On the code side, how about this for an authentication scheme: Client sends auth message, server responses with the entire list of usernames and passwords (in plaintext) to the client, the client checks the entered creds and compares it, then sends a message that yes, it is correct. This was in some code I reviewed early in my career and I know at least one other person who has seen the same thing in something different.

We saw so many hardcoded sa passwords (as in hardcoded in the code, can't be changed without recompiling, extremely dumb password put in documentation everywhere) we had to template the reporting item because we got tired of writing about why it was bad every time (the databases were network accessible). Same with hardcoded symmetric encryption keys, which we also had to template to explain that when you distribute the same key to everyone everywhere it's bad, at least 50% of the uses of this are downright scary too.

Then there are entire protocols used for integration between medical devices that don't support any security features whatsoever, not encryption or authentication. This is slowly being fixed, but it's difficult because when you deal with 25 year old devices that can't be updated, it means you can't change the way it works. You can sit on a hospital network and see all sorts of ***go by depending on what types of devices they have.
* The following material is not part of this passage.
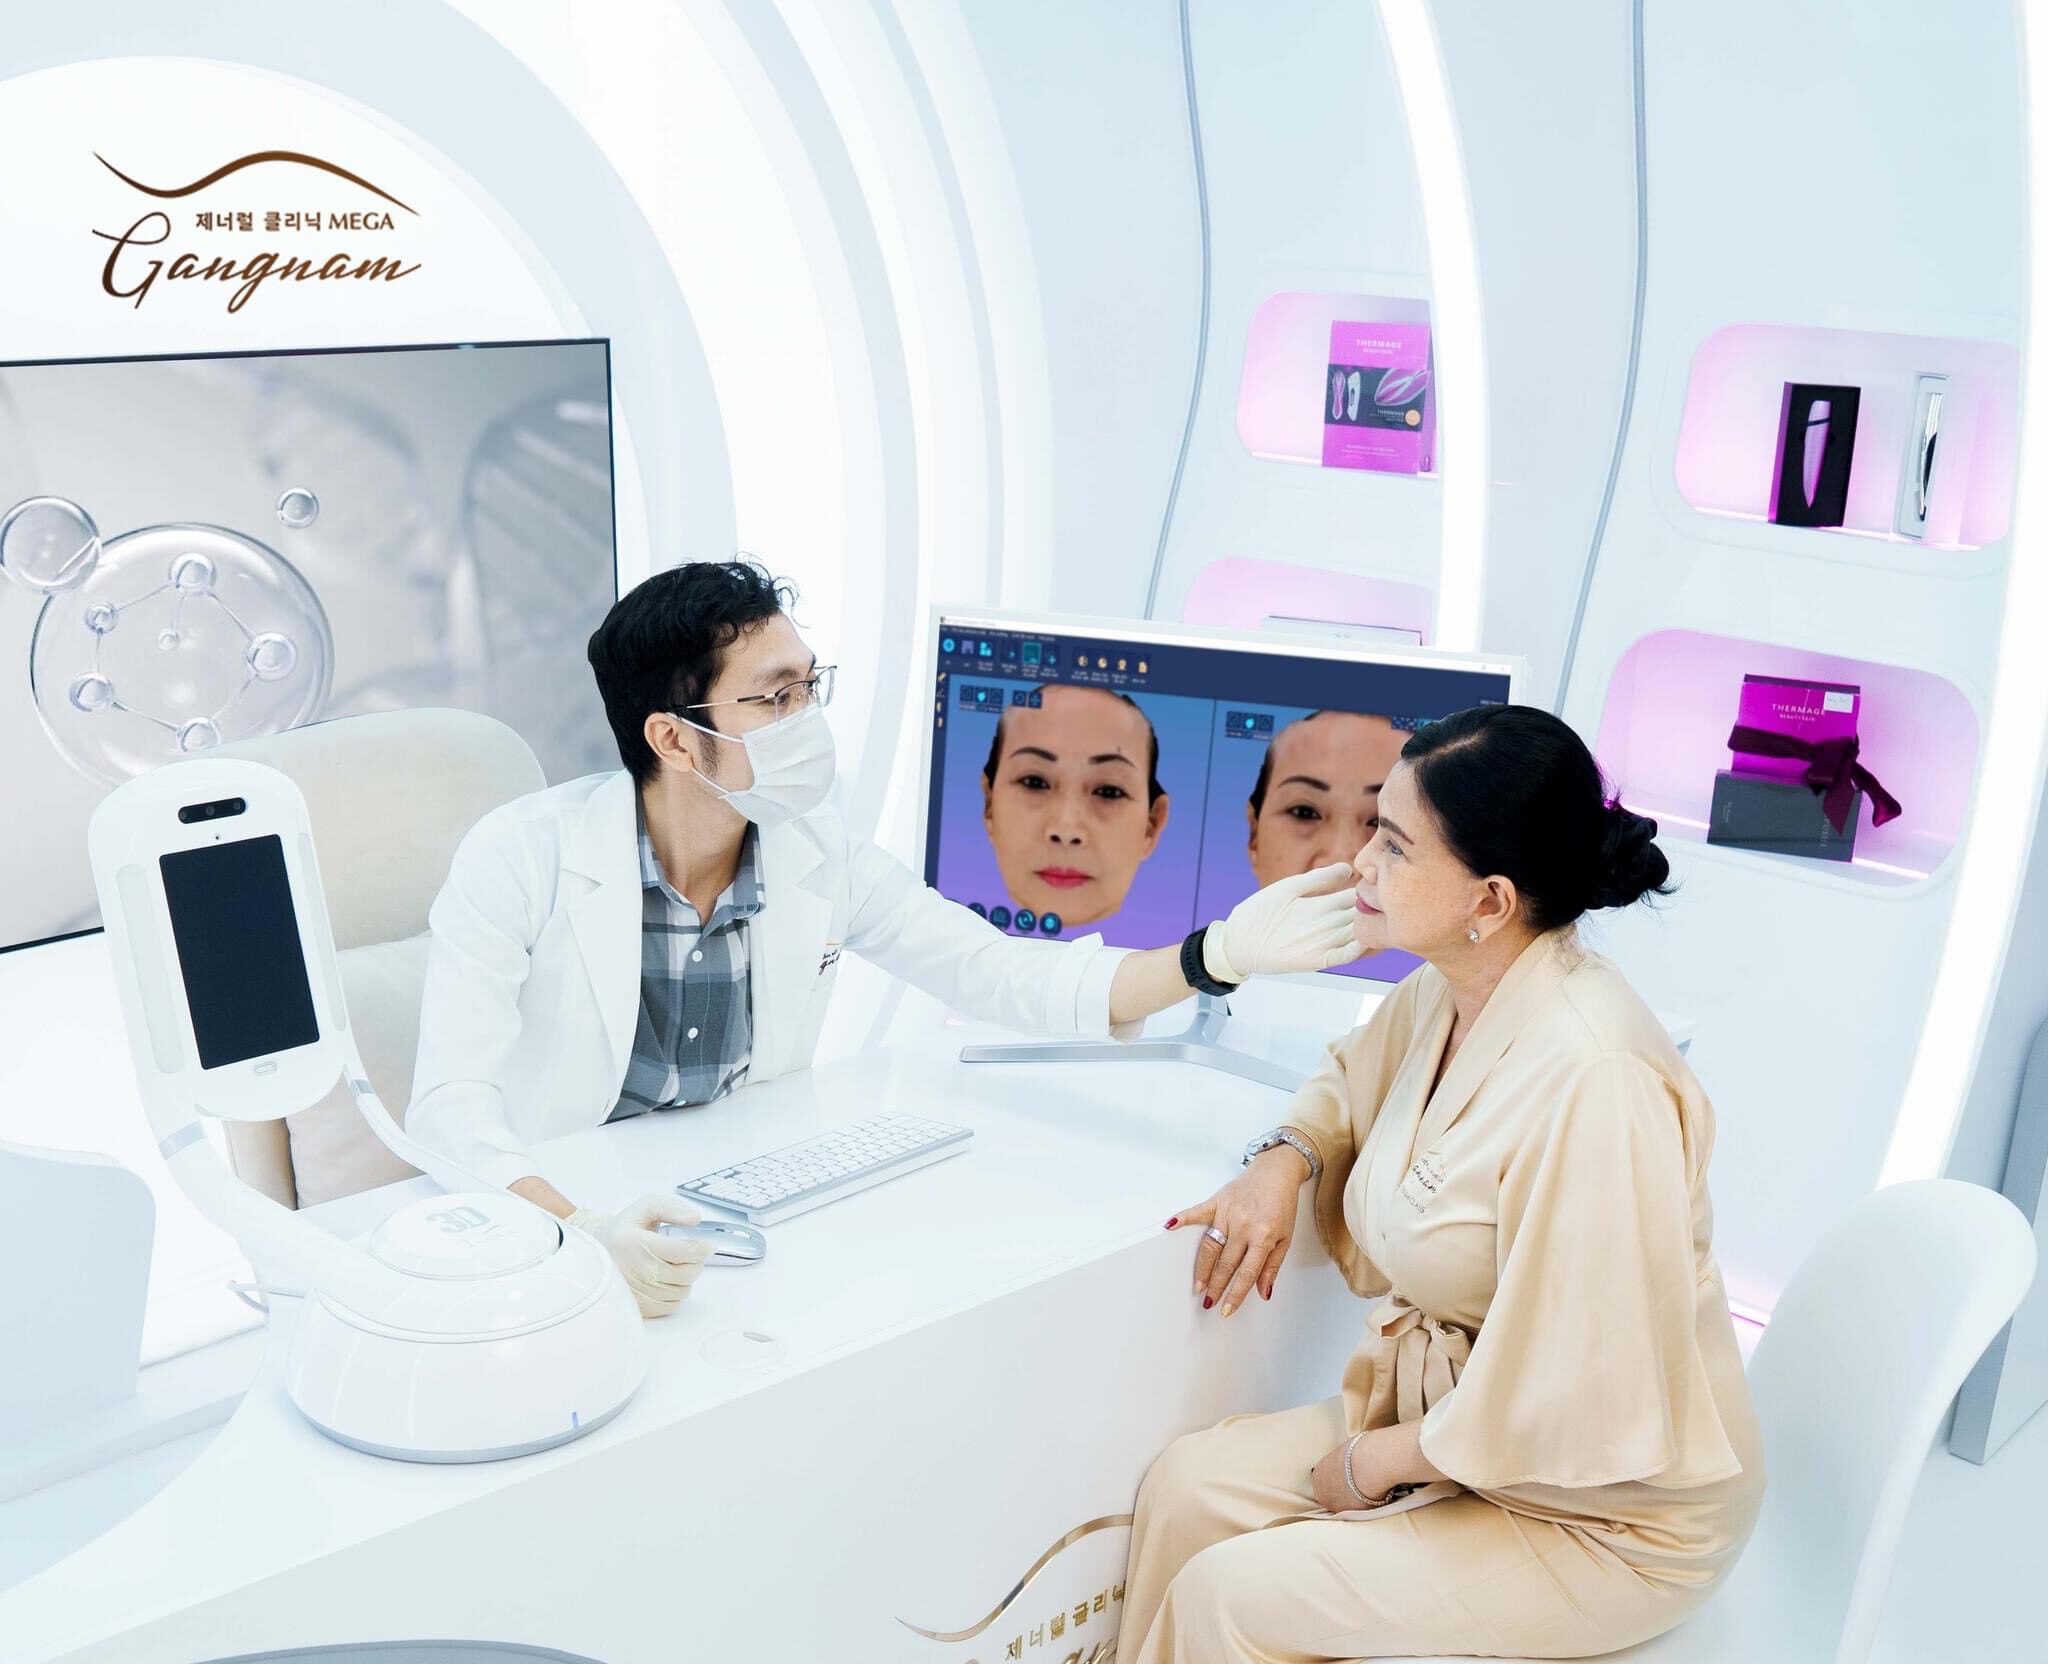 Phòng khám quốc tế Mega Gangnam sở hữu thiết bị thăm khám chuyên sâu 

We created an agent based workaround to kinda help with this but no one uses it because if they use it and someone elses ***breaks, they will get blamed (and tbf given how fragile some are, it might actually break something).
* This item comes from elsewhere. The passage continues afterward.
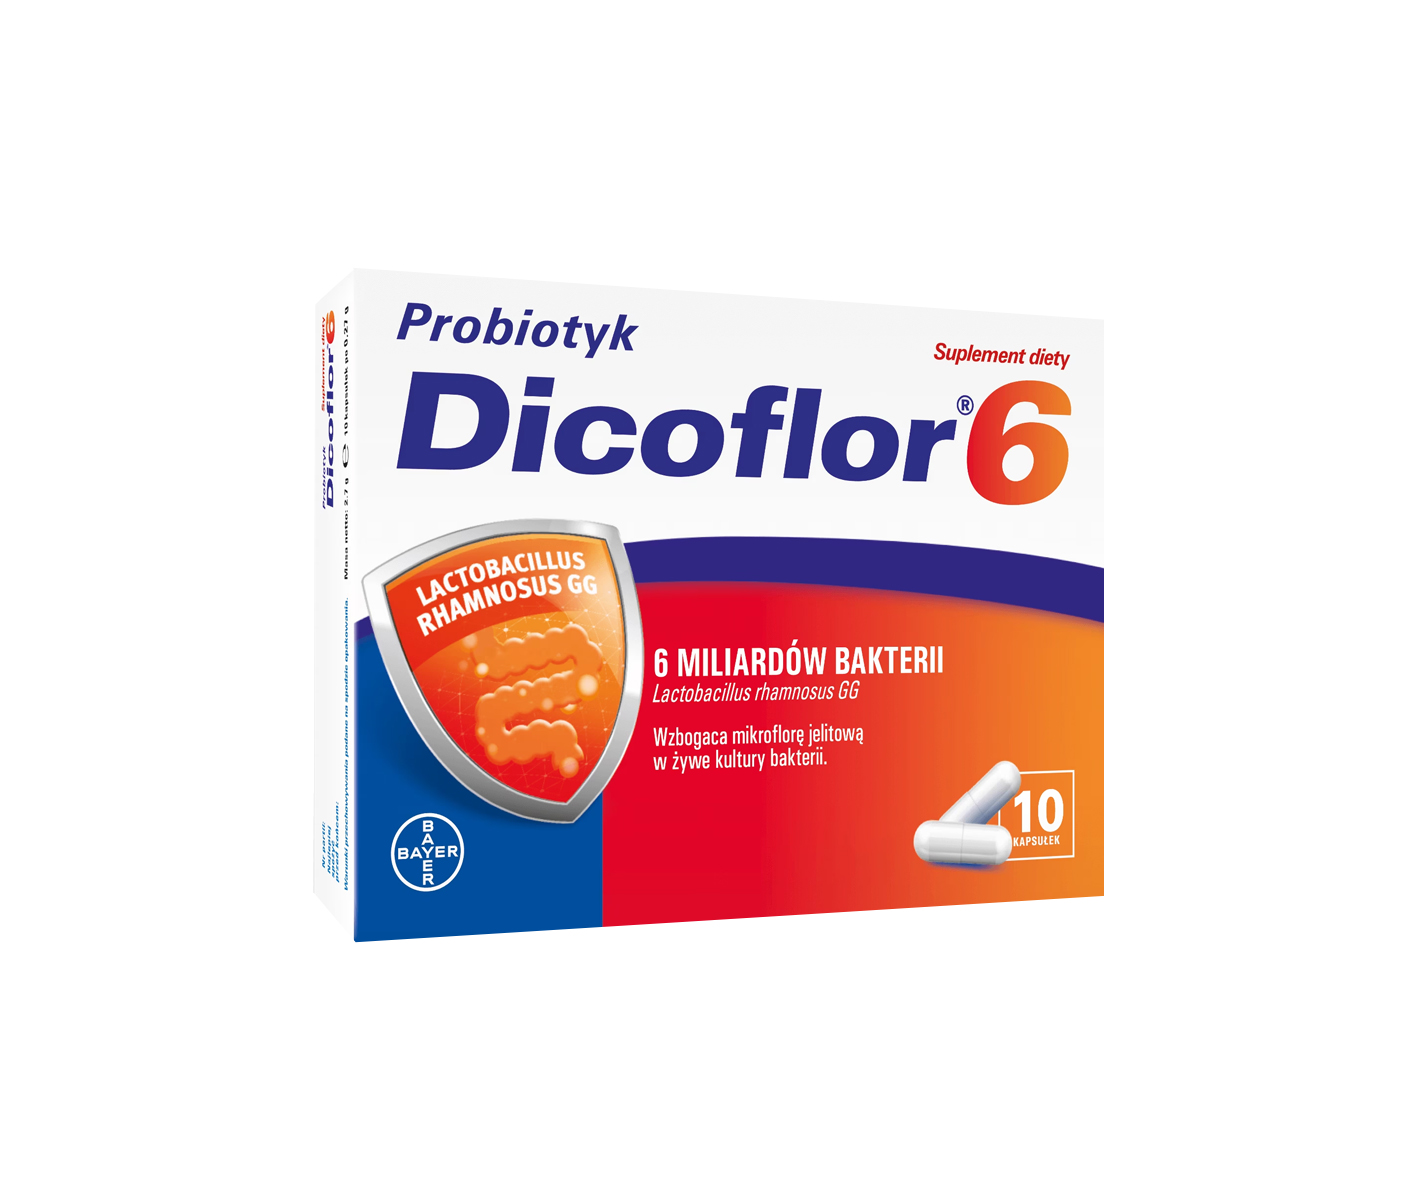 Dikoflor 6, probiotikum

There is worse but it's too recent or easily identified for me to smear across the internet. All things considered, I don't usually fault someone for oops-i-accidentally a SQLi somewhere because there are often much worse things going on and they are typically pretty easy to find and fix.

This is all bad and there is worse, but at least these folks are trying. What really keeps me up at night is the state of the security industry, it's such a *** joke. We've seen reports done against embedded devices that some of our "peers" did and they literally ran a nessus scan and that was it. Against an embedded device. "No findings", well no ***. They love coming in acting like leet h4x0r swinging *** around and treating devs like ***when they've never seen a line of code in their life. I worked with one who didn't know what a compiler was and he was put in charge of application security at a software company (he was actually a great dude and it wasn't entirely his fault). The irony being that if you ask the people who write the software, 90% of the time they know where all the problems are but couldn't get political coverage to fix them, they are more than happy to tell you and more or less kickstart doing the job for you if you don't act like an ***, but that's too hard for most of the industry.
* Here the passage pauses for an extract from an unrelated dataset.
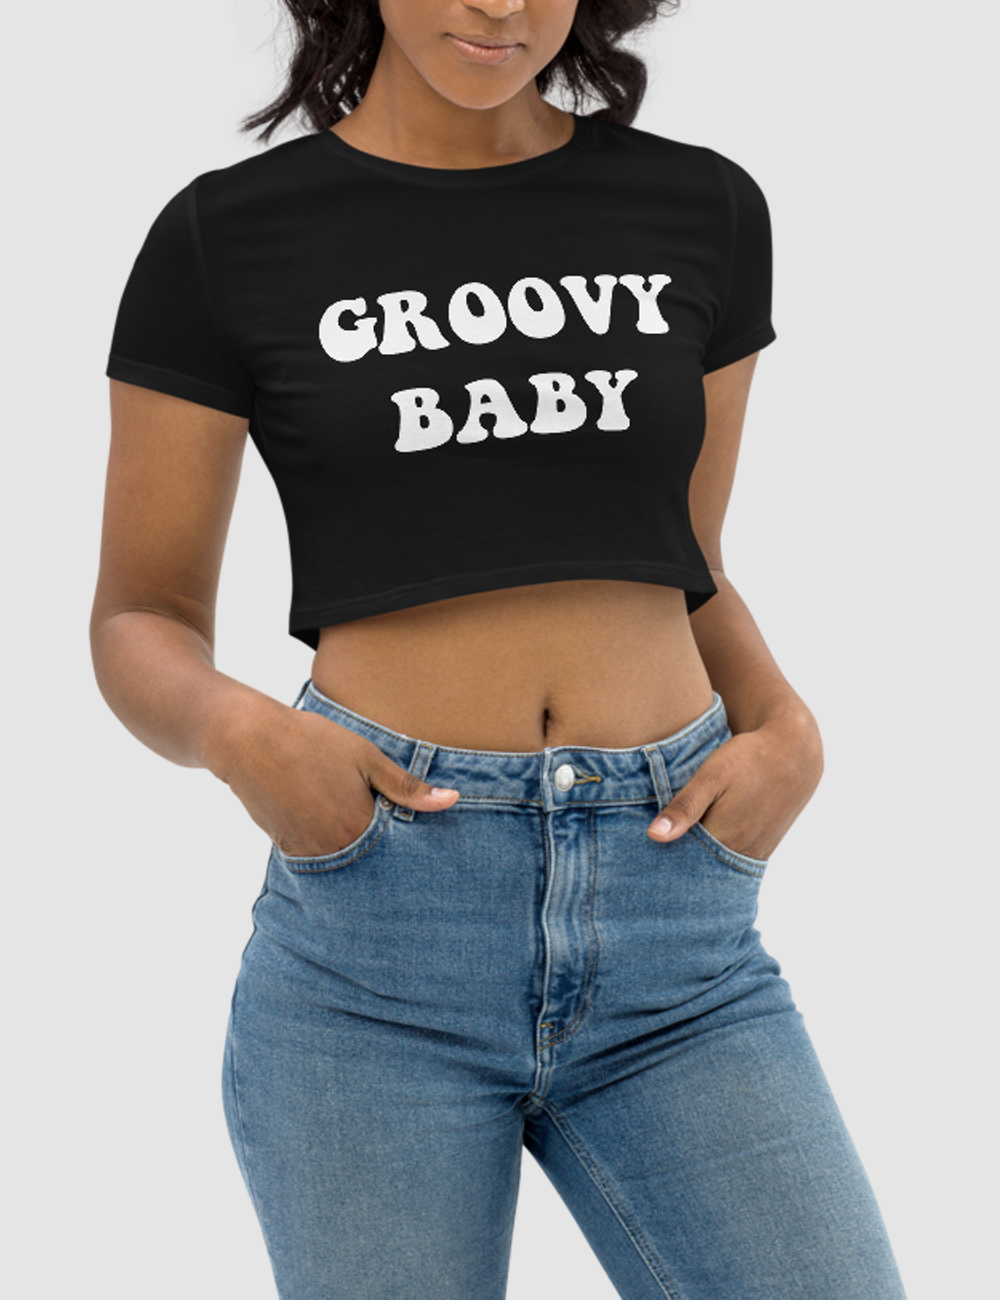 Groovy Baby | Women's Crop Top T-Shirt OniTakai

it's always astounding that this ***comes back to legality.

SE could shut horizon down, end of story.

SE likely does not care enough about ffxi (shown in every action that they take) to shut down horizon.

if you made a ff14 private server you would get a C&D faster than you can possibly imagine

Don't hurt your back moving those goalposts.

90% of private server players would never even touch Retail.

This moral high ground you see yourself on is nothing more than a logical fallacy.

Another 5 post account with only horizon crap lol

I just want a private server where I can buy gil for pennies and give an underpaid chinese gilfarmer piloting 30 different characters the same gil I just bought from him to clear all the content for me
wait that's Asura my bad

You think you're proving your point, but what I hear you saying is: 10% of private server players would be playing retail. Seems like they hurt retail then, huh?